1.4 Le sens ascendant et descendant, condensation et déploiement


Le schéma peut fonctionner selon deux sens : un dit descendant, l’autre dit ascendant. Le sens
descendant opère une condensation de la signification partant des formes de vie (6) vers les
figures (1). Le sens ascendant, à l’inverse, opère un déploiement de la signification, partant
des figures (1) vers les formes de vie (6). La condensation de sens, dans le mouvement
ascendant, exprime l’idée que les niveaux les plus abstraits sont condensés dans les niveaux
les plus concrets. Fontanille (2006a ; 2006b) choisit le terme de condensation en raison de la
perte inévitable d’un certain nombre de propriétés dans ce parcours. Inversement, le
déploiement du sens, dans l’intégration ascendante, exprime « l’augmentation du nombre de
dimensions » au fur et à mesure que le niveau d’abstraction augmente (Fontanille, 2006a).
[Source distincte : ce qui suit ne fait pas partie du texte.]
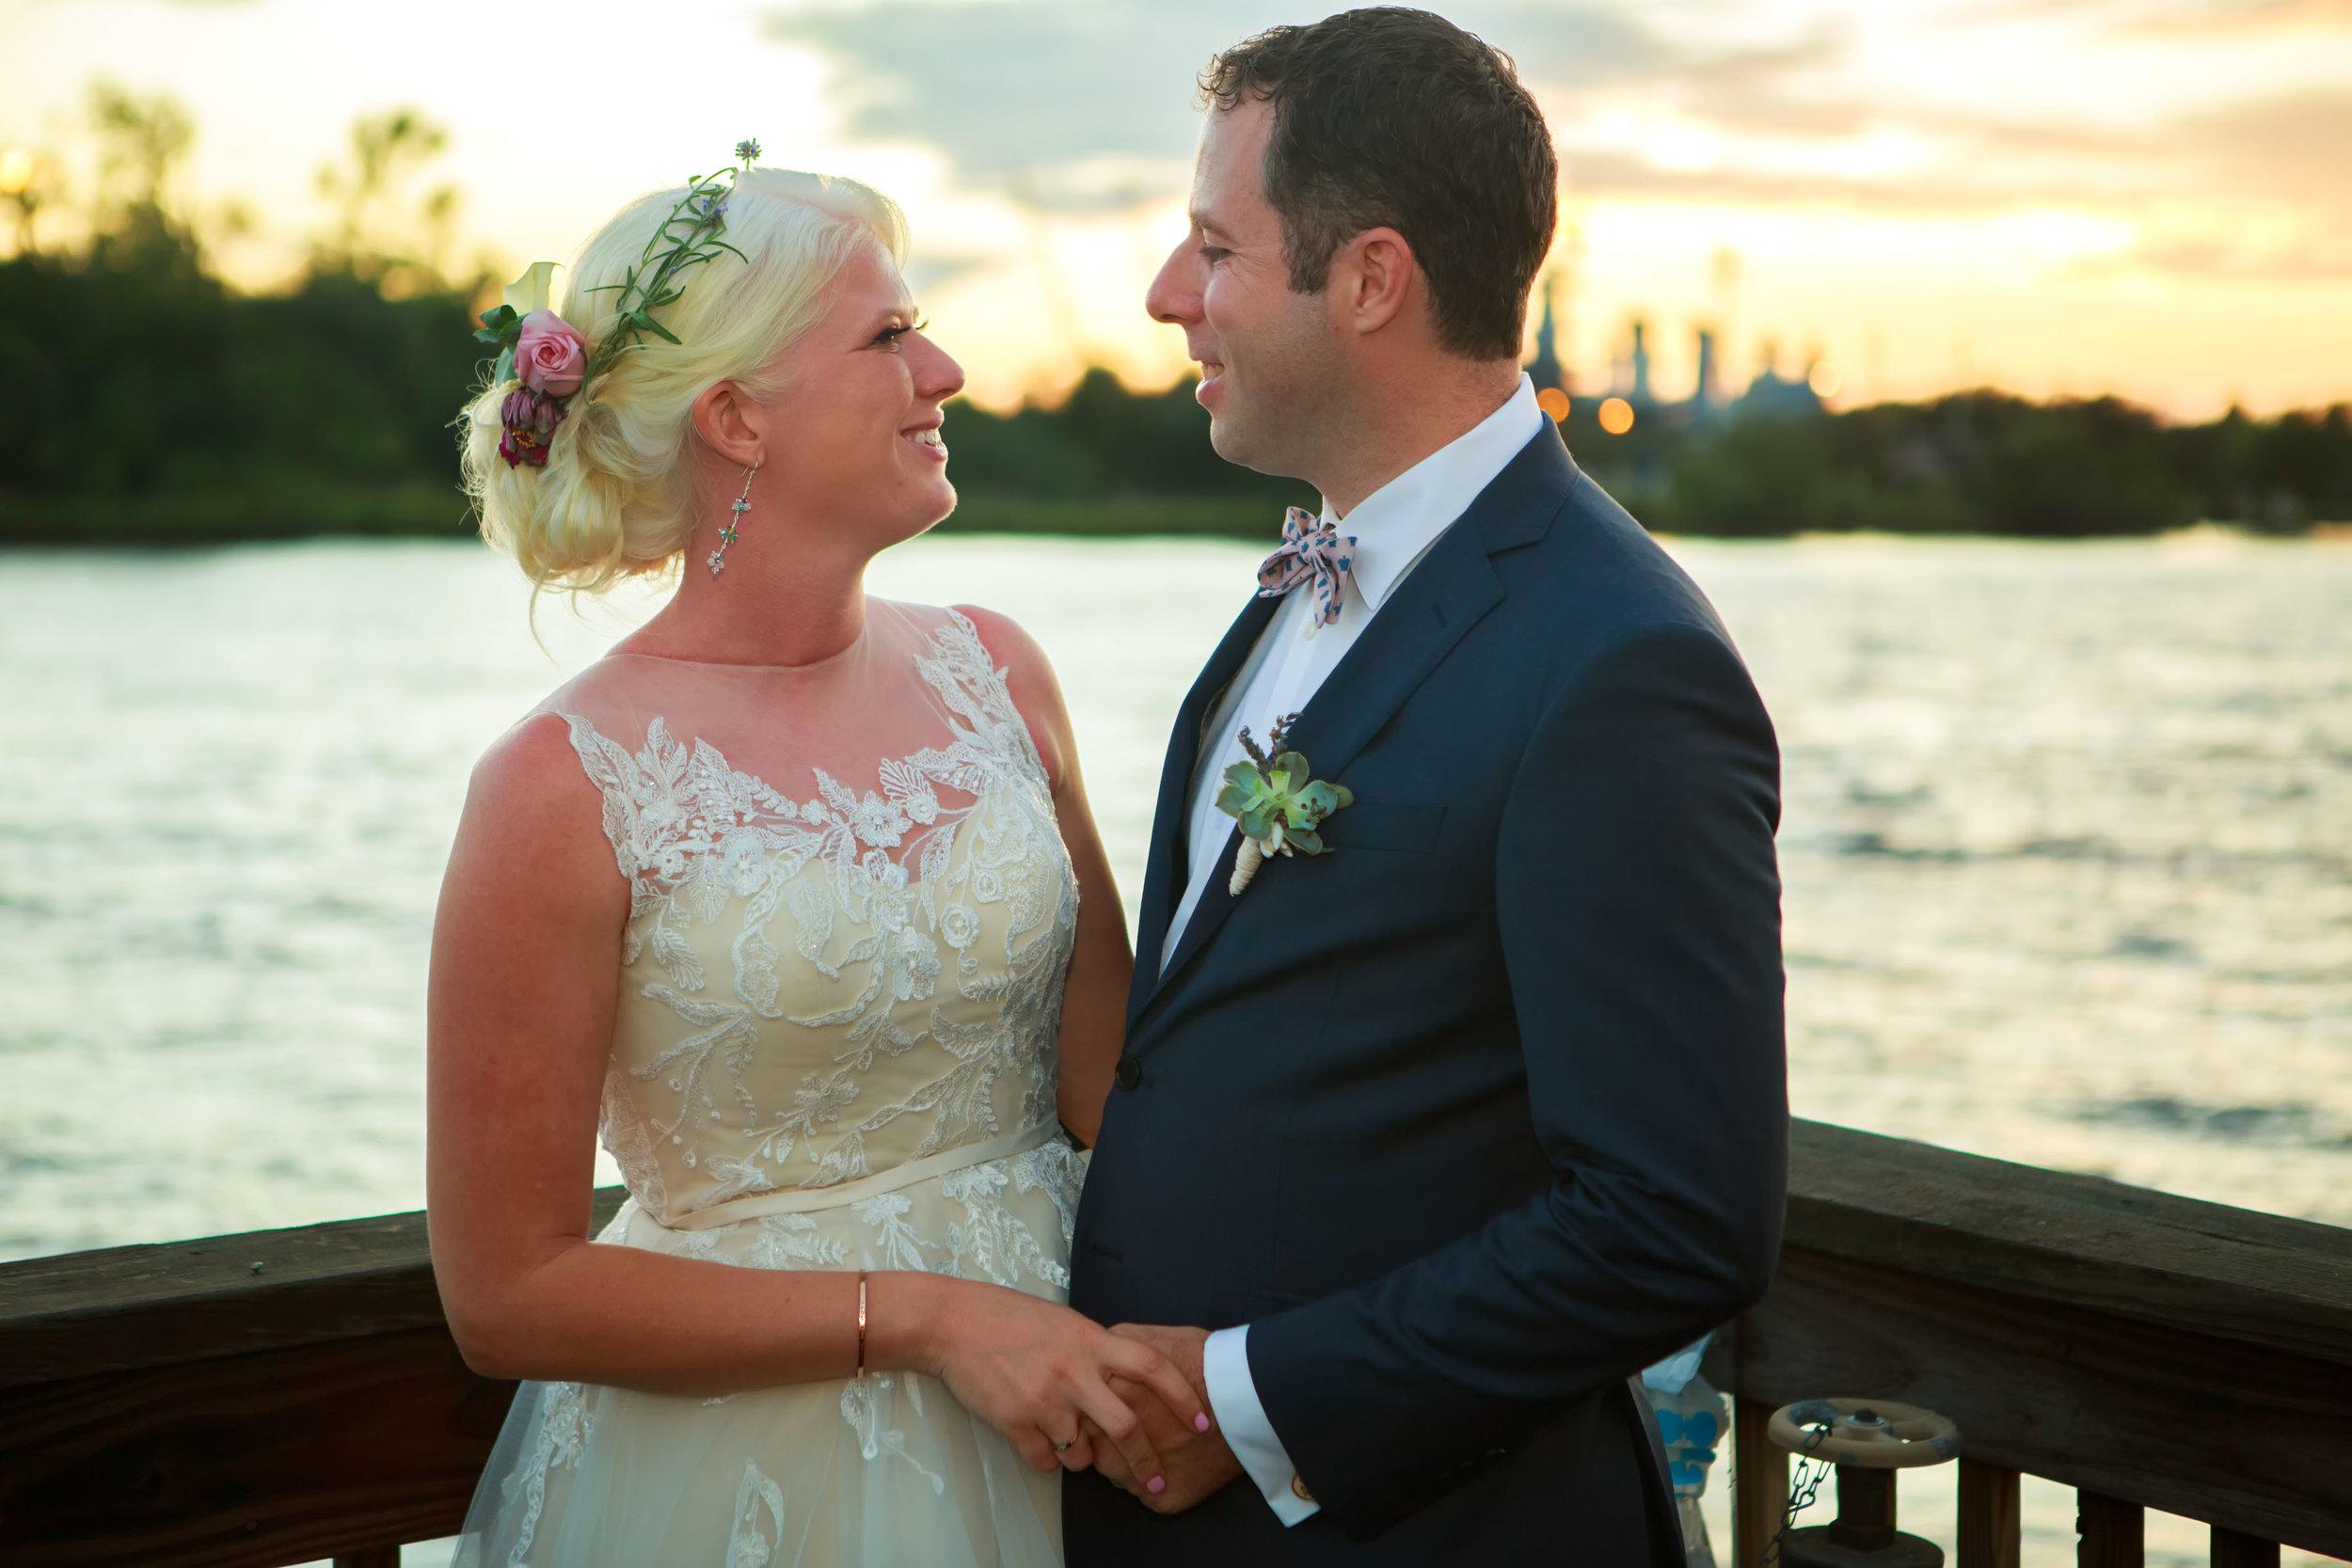 128-South-Wedding-Tiffany-Abruzzo-Photography-Bride-&-Groom-58.jpg
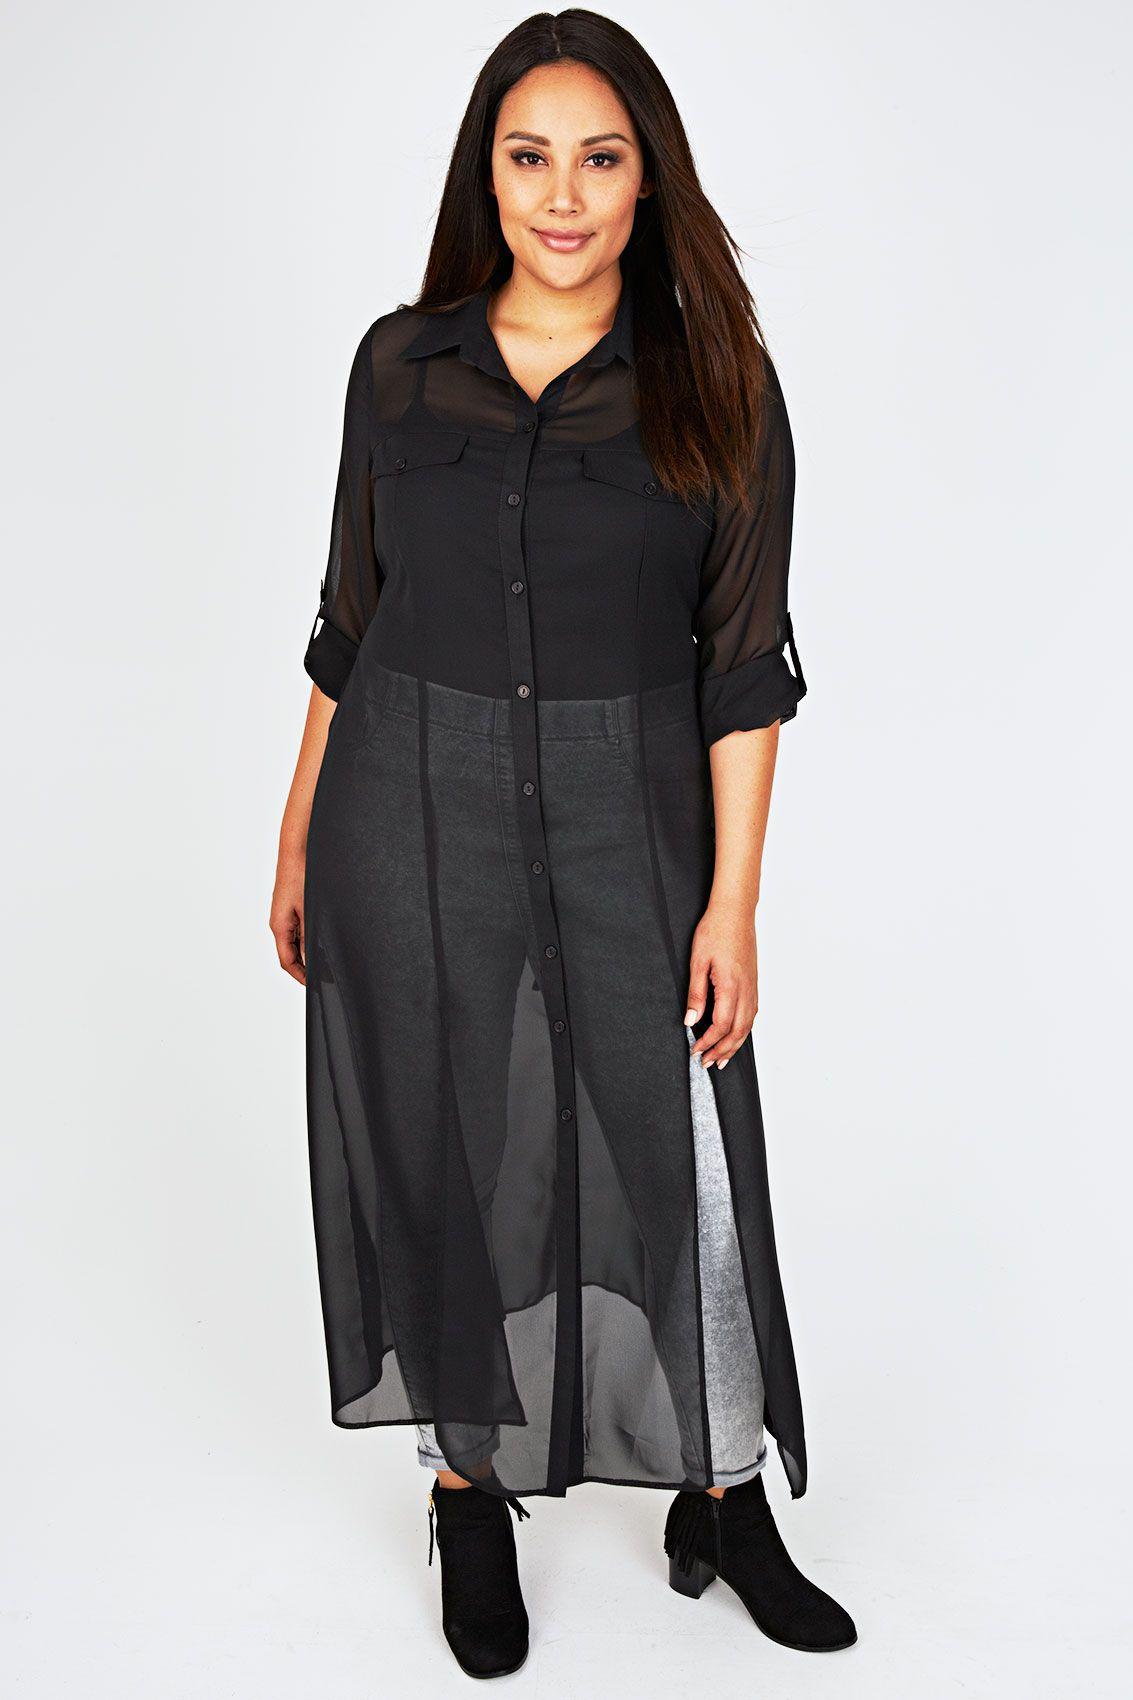 af533e6dd0a8 SCARLETT   JO Black Sheer Maxi Shirt Dress With Front Splits

Se
produit alors un gain de sens. Condensation et déploiement du sens sont les « modes opératifs
respectifs de l’intégration descendante et ascendante ».
Une première analyse, trop superficielle, supposerait que les publicitaires opèrent des
condensations de sens, dans le sens descendant, de l'identité (6) et de la stratégie (5) de
l'annonceur dans des énoncés (2) publicitaires. Dans le sens inverse, les lecteurs d'une
annonce publicitaire en déploient le sens en l'interprétant, partant de l'énoncé (2) perçu vers
l'identité abstraite de l'annonceur ou les valeurs véhiculées dans l'annonce (6).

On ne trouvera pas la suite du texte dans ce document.